The reason we typically live three to four times longer is due to our resilience.
Resilience sums our ability to find adaptation techniques or coping strategies in response to shocks to our systems such as our bodily systems.
Could we begin to break the stranglehold of stigma by identifying not with our disabilities but by the adaptations and coping techniques we uncover, learn or enhance in response to our disabilities.
Could the national disability strategy currently in preparation progress this approach?
How?
Firstly it could cut through the dichotomy between being a fully adjusted disabled person winning medals in the Invictus Games and being the disabled person in trauma and recognise most disabled people are in between these poles, on a journey of recuperation or rehabilitation. They may recognise the concept of the everyday hero, the joy of small triumphs that may be mundane to the outsider but significant to the disabled person who has accomplished them. Stop the unique inspiration stuff and support the aspiration ambitions underpinned by natural resilience that can be both boosted and bolstered.
Then what?
Embrace contact theory.
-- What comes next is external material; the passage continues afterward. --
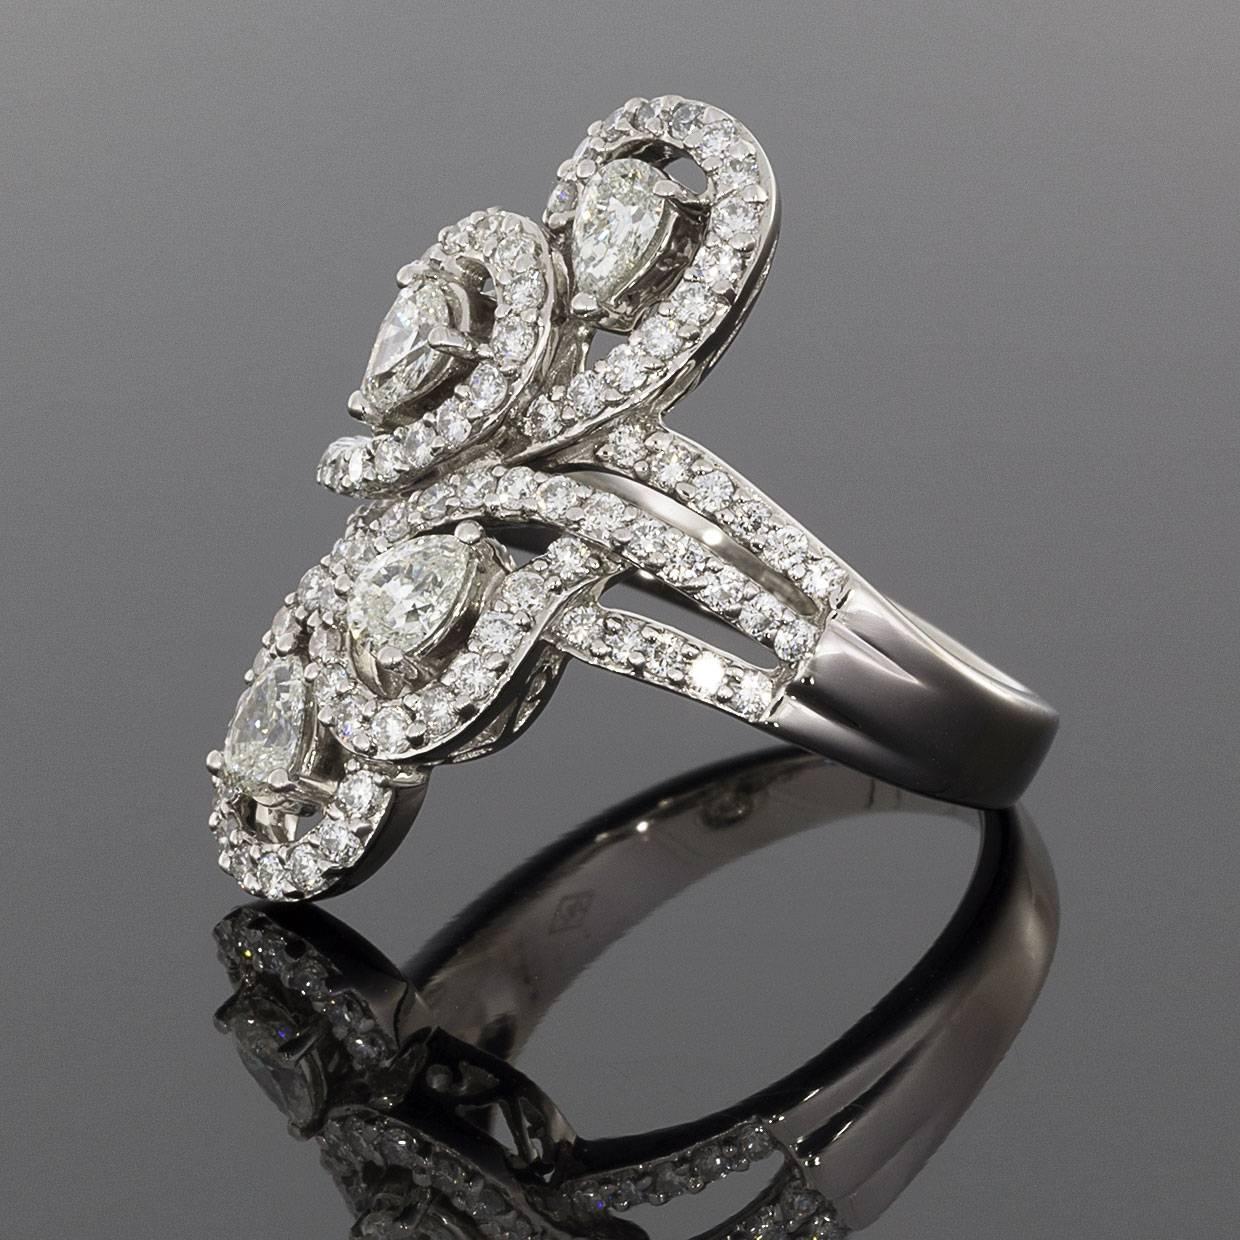 This gorgeous diamond fashion ring is sure to catch your eye from every angle! It features a 4 pear shaped diamonds surrounded by paisley shapes in 18 karat white gold. These scintillating diamonds are prong & pave set & have a combined total weight

You could as a non-disabled person for example visit every shop in every retail centre and never knowingly be served by a disabled person. You may have no recollection of being advised on your decisions by a disabled person whose judgement you trust or come to trust. You may have had no contact knowingly with a disabled person as an equal or in a context where the authority resided with the disabled person. It is a bit like the racial stereotyping where a business proclaims its performance in employing black people but does so only as cleaners, counter staff or security guards. Contact theory says we need to see more disabled people employed in customer facing roles such as retail or in occupations such as teachers or in civic roles such as magistrates.
And how should the cabinet office avoid stigmatising us?
Treat us as rounded people with many roles to fulfil and with more than one pathway to work and above all with agency; not in an over simplistic way as merely benefit claimants waiting to be job matched.
Join the Disability Resilience Network, leave stigma untouched, out of view and find your star qualities instead.
“We are all in the gutter but some of us are looking at the stars,” Oscar Wilde.